Miller echoes this sentiment, saying, "Once we got our hospital capacity planner (our Insights tool) built, General Haldopoulos was able to visualize all five models simultaneously for all variables and resources. So, the functionality excelled in every way. The time savings is astronomical."
The ability to create visualizations of data for state officials has been incredibly valuable during the unfolding crisis. "I sat in a room of leaders, and I watched them use the visualizations in Insights to help draw conclusions and make decisions and was so thankful we could give that to them. The analytical and visualization capabilities are incredibly powerful," says Miller.
The task force has received positive feedback following the implementation of ArcGIS Insights. "The organizations we're working with have all repeatedly commented on the task force's excellent work visualizing the observations of these data analytics teams and believe it to be a collaboration and product unmatched in the nation," says Haldopoulos.

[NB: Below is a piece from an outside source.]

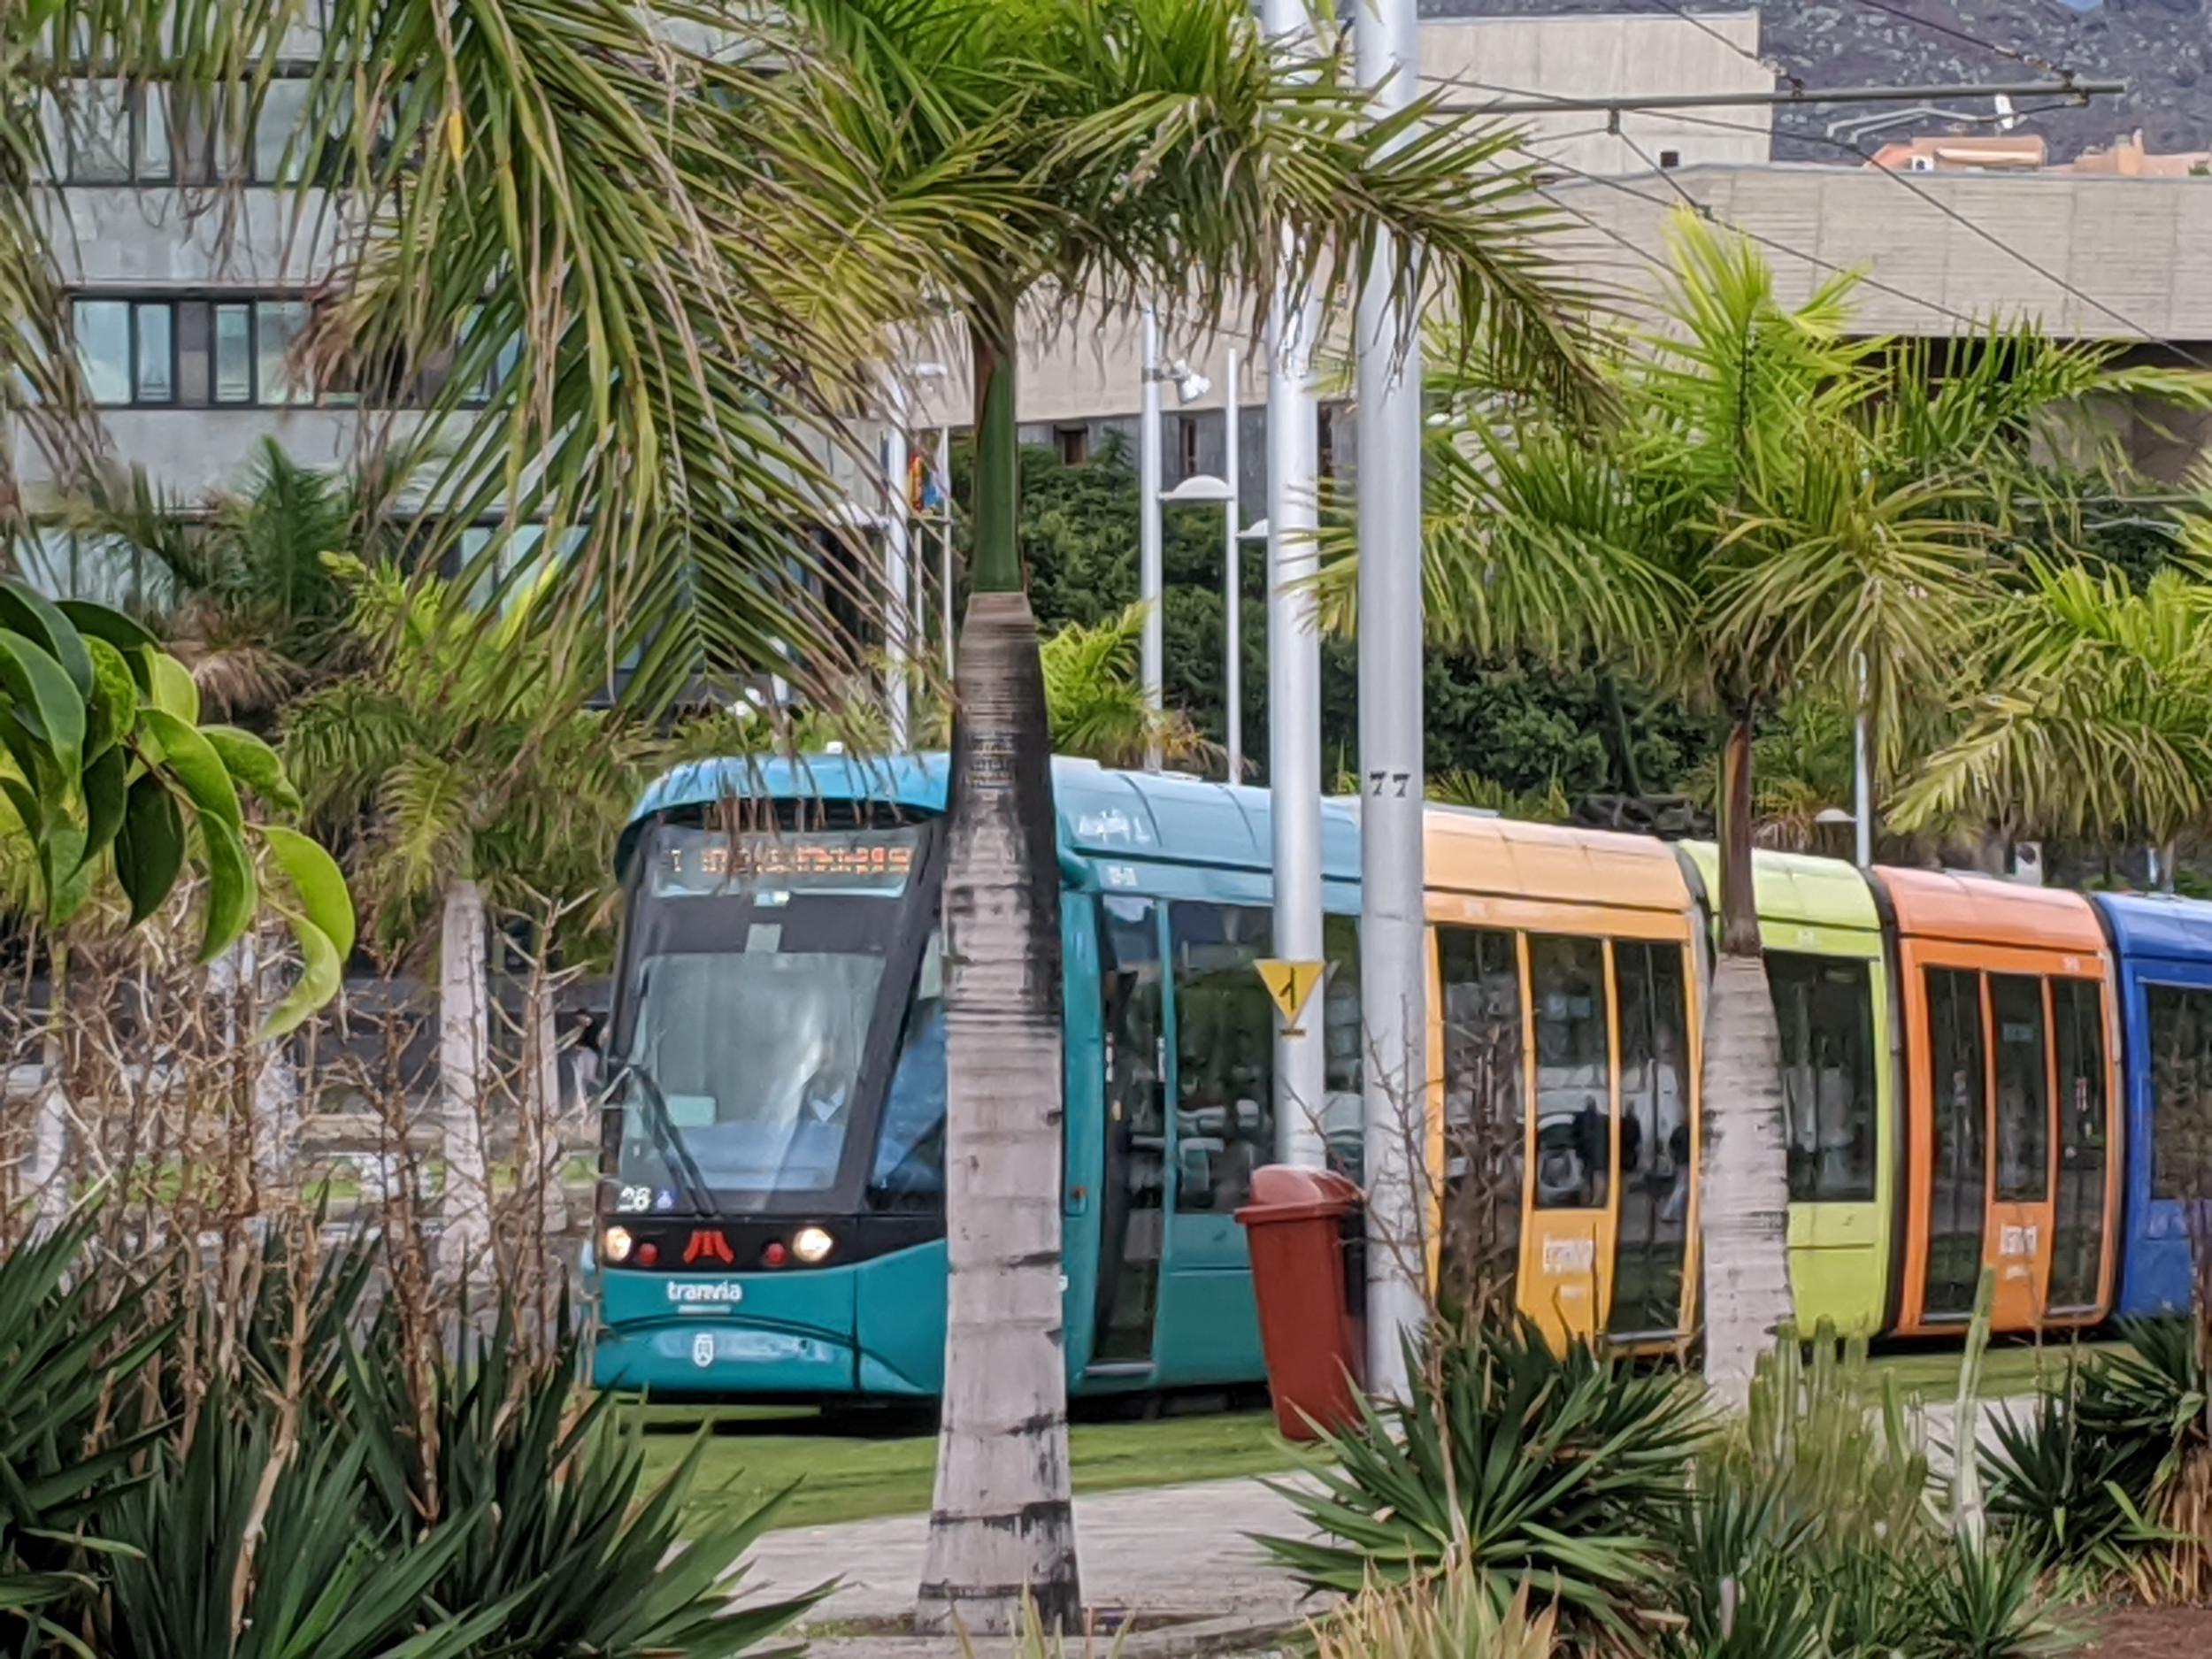 tram-faehrt-intercambiador-an.jpg
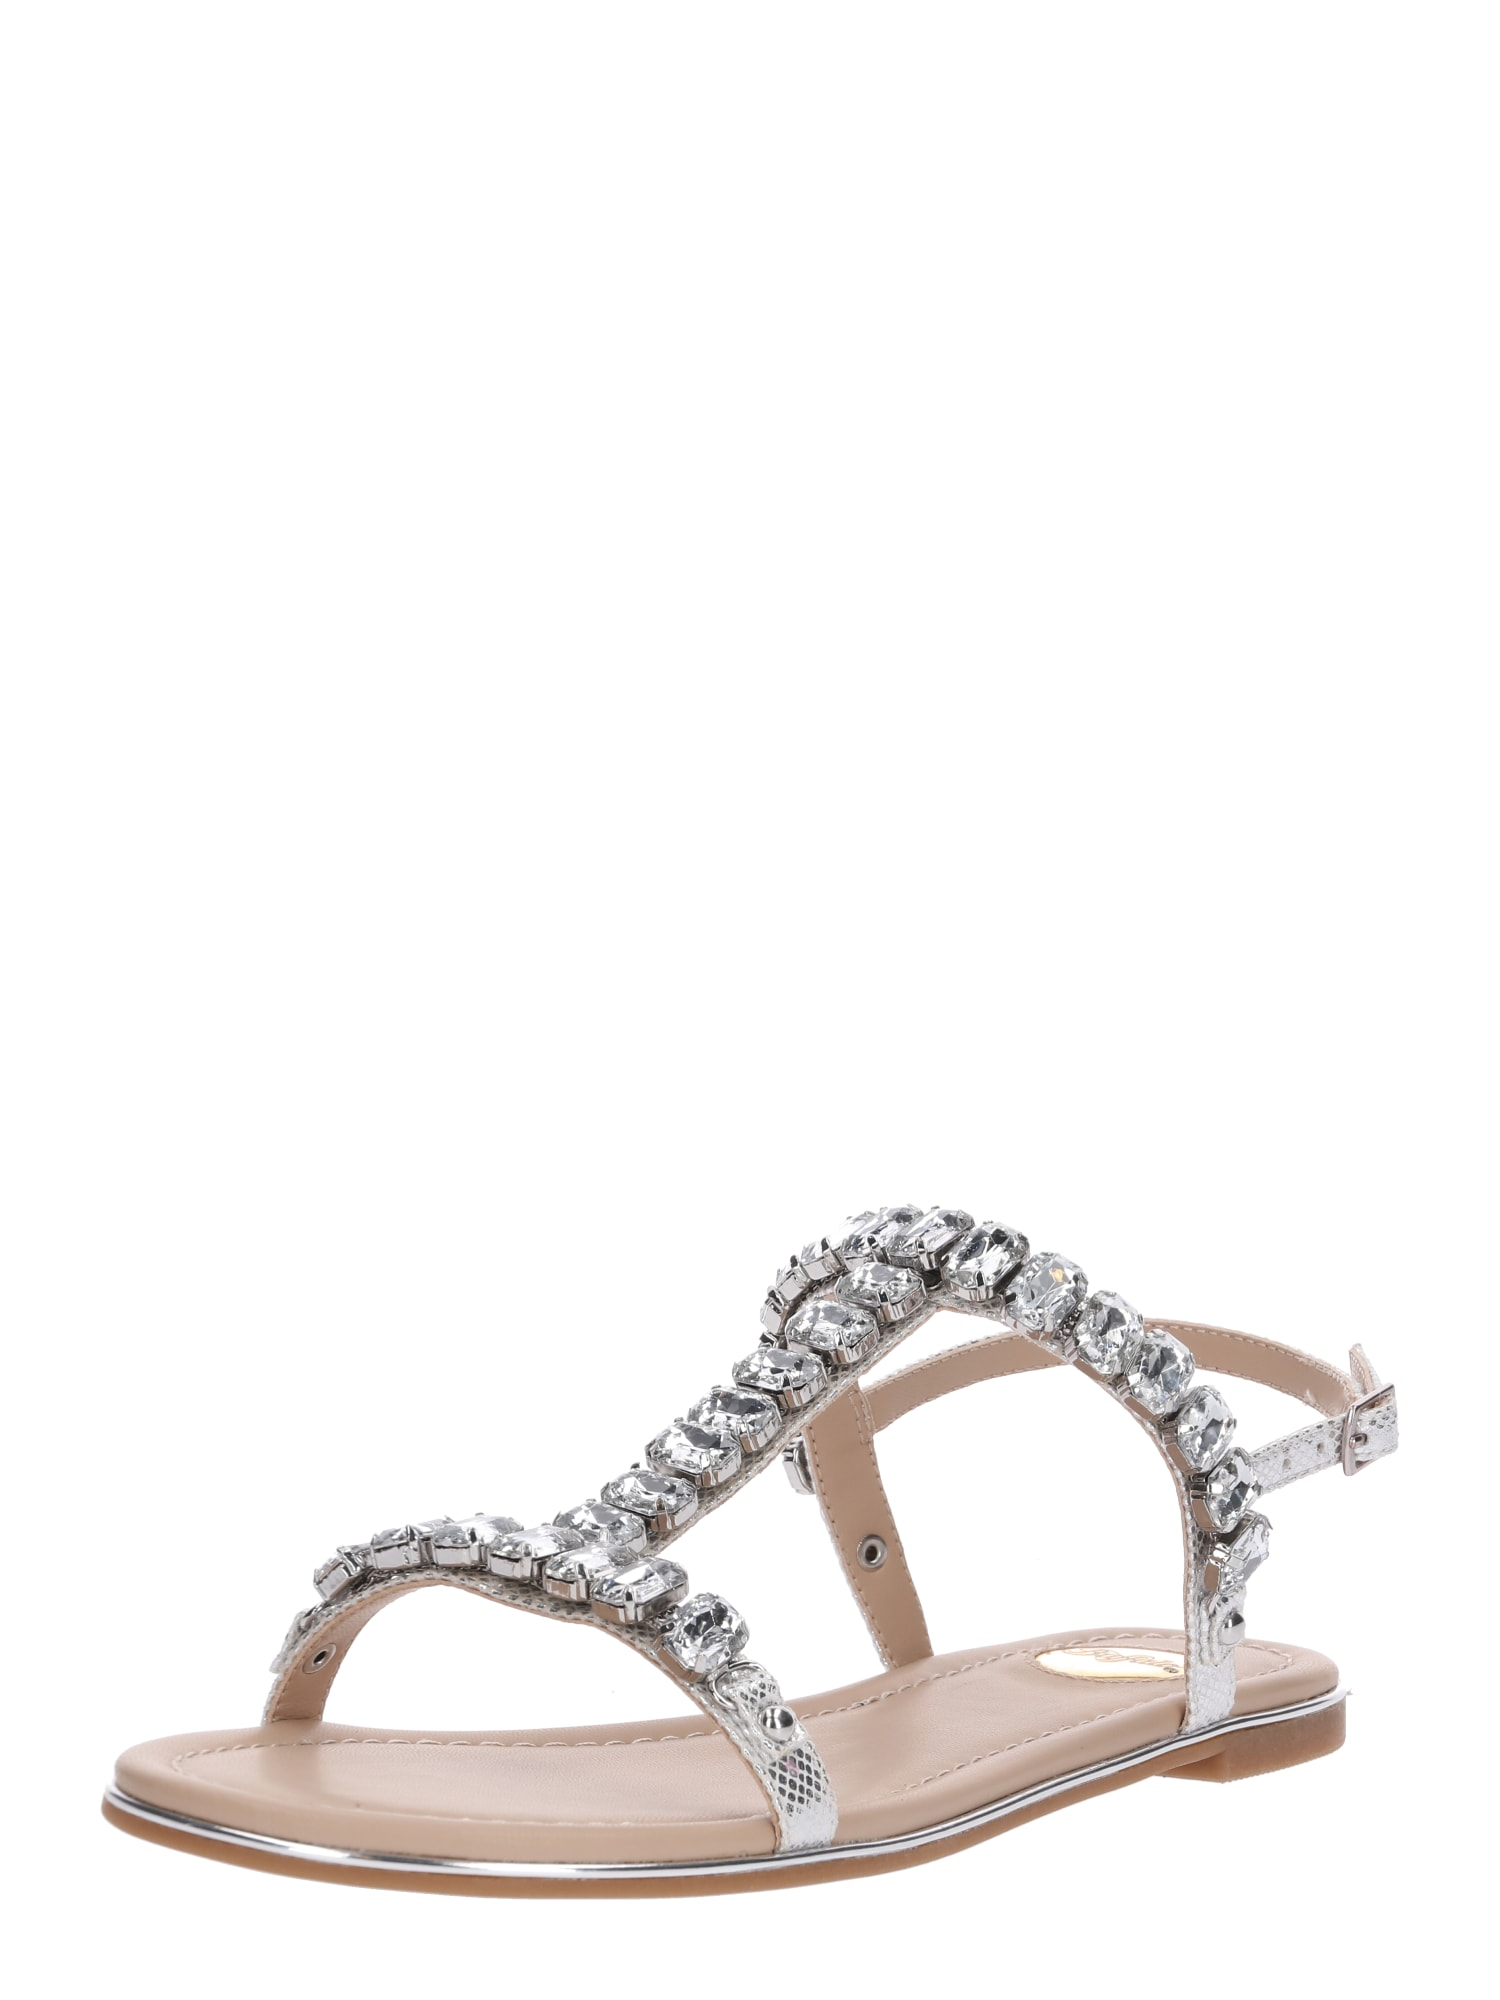 Sandály ESTELLE stříbrná BUFFALO

Miller adds, "The amazing Esri team made this possible through their technical and subject matter expertise, their industry knowledge with geospatial and epidemiological sciences, and most of all their dedication and passion for helping others in time of crisis."
In an unprecedented crisis, the insights revealed from this project have better-equipped state leaders to make critical decisions that can help save lives.
"The use of the Insights tool has literally brought data to light for multiple stakeholders who would've never had access to such insights and the results of our modeling teams' work," says Miller. "It enabled state leadership to better understand the current landscape for hospital capacity under COVID-19, thus enabling them to be better prepared for the outbreak in Georgia."